Her studio occupies a corner of her gallery, where she’s surrounded by her art and that of numerous other photographers, painters, jewelers and artists. Much of her space, from the family-sized box of Arm & Hammer baking soda used for bleaching photographic prints to her vintage print chair and art desk, harkens back to yesteryear. It’s similar to her photograph printing method, which dates back to 1842, utilizing natural light to print images onto a variety of papers and fabrics.

What you’ll always find in her studio? Watercolors, brushes and pencils, which allow her to create custom pieces for people on the spot and sign her work for customers—something Kimbre says is her favorite part of having a shared studio and gallery space.

 

Nicholas Reti

Oil landscape painter

Owner, Oh Be Joyful Gallery

If there’s one person who is living and breathing his craft, it’s Nicholas Reti, owner of the Oh Be Joyful Gallery in Crested Butte, just off Elk. His Crested Butte home, as he says with a laugh, “is 75 percent studio space and 25 percent kitchen.” Canvases are stacked against walls, and in the center of his living room stands his easel, with his current project waiting.
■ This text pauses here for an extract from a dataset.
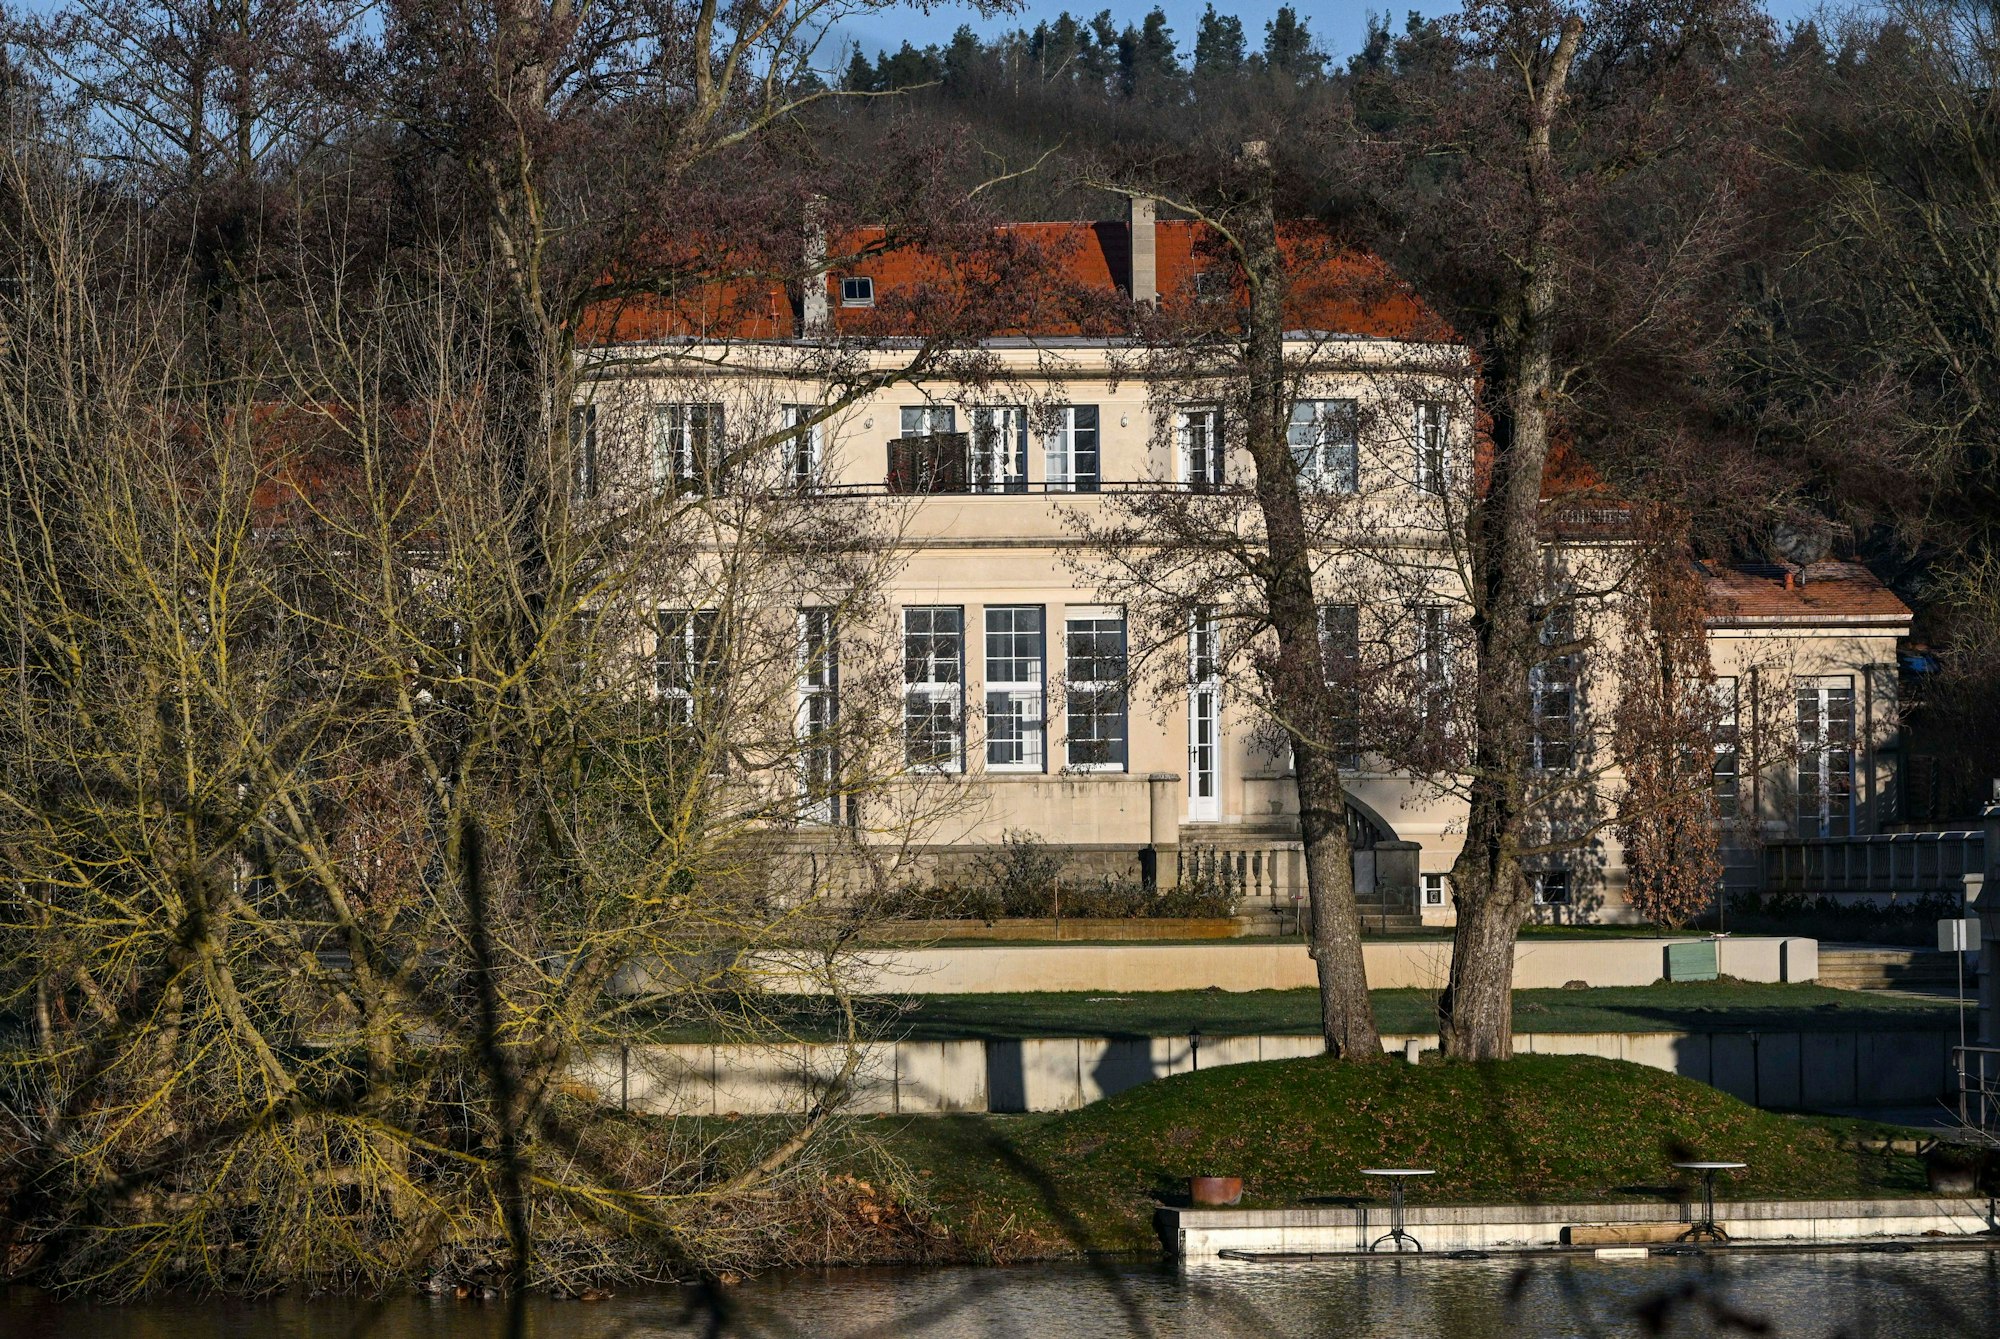 Blick auf das Gästehaus am Lehnitzsee im Potsdamer Stadtteil Neu Fahrland. Dort hatte ein Treffen radikaler Rechter stattgefunden.

In every corner of his space inspiration flows, and everything has a story beckoning to be told. From the children’s book Nicholas illustrated about Antarctica to the boxes of spent oil paint arranged into a rainbow of chaotic color, Nicholas is living in art.

“When you live the life of an artist, it is your life,” he says. When he wakes in the mornings, he lets inspiration guide him, with a number of unfinished pieces waiting, or, if he’s feeling less creative, he’s always able to stretch canvas or make prints.

“It’s about making a hundred paintings and getting lucky with one,” Nicholas says of his unfinished work stacked around the room, each piece reminiscent of a rich life of travel and artistic immersion. “When I start the day, I check in with myself and understand where my mind is and where my heart is and what I want to work on.”

His inspiration is overflowing from the walls. Of the few pieces not painted by him, he says his favorite is a small painting of a crinkled tube of paint. “Every time I see the way it’s painted,” he says, “it reminds me how hard you have to work to succeed as an artist.”

 

Suzanne Pierson

Watercolor, acrylic, gauche

Ethereal light and a calm coziness fill Suzanne’s dedicated home studio space in Crested Butte. As with most artist’s studios, it is filled with inspiration hanging from the walls and stacked within bookshelves.

Suzanne began her painting career at just nine years old, sitting upon her grandmother’s lap. “I knew what I was going to be,” she smiles, holding a photo of her grandmother. Of her home studio space she says, “I feel like it’s helping me hit a prime. I’m beginning to peak again, the more I work, the better I paint.”

It’s a space in which you would be hard pressed not to be inspired, with its beetle-kill pine accent wall and its signature navy blue tint and floating rough-edged shelves displaying some of her pieces. The white walls have a lavender tint, of which Suzanne says, “Everything in the color spectrum reflects well off that color, and shows the work off well.”

Suzanne filled the studio with a moveable drafting table and other items with wheels so she can quickly transform or move her space to meet whatever needs she has. “I have the freedom to have several pieces in motion at a time, without the need to clean it all up at the end of the day,” she says.

It seems every corner has an inspirational knick-knack or memento, from a prayer wheel brought from Bhutan in the window to her bookshelf filled with art books, and treasures from her childhood and world travels. The space begs you to linger, if not to get to know her dazzling depictions of her favorite mountain scenes, then to get a feel for a life well lived traveling the world.